• Entries supplied:
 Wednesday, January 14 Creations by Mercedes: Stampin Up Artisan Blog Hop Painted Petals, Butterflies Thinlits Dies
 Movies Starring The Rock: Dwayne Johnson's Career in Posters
---
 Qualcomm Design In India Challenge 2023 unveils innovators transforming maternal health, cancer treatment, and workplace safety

• About this exercise: Write out exactly the lines that fall from the line with "Wednesday, January 14" to the line with "Movies Starring The" in the records above, keeping both ends.

• Output below:
 Wednesday, January 14 Creations by Mercedes: Stampin Up Artisan Blog Hop Painted Petals, Butterflies Thinlits Dies
 Movies Starring The Rock: Dwayne Johnson's Career in Posters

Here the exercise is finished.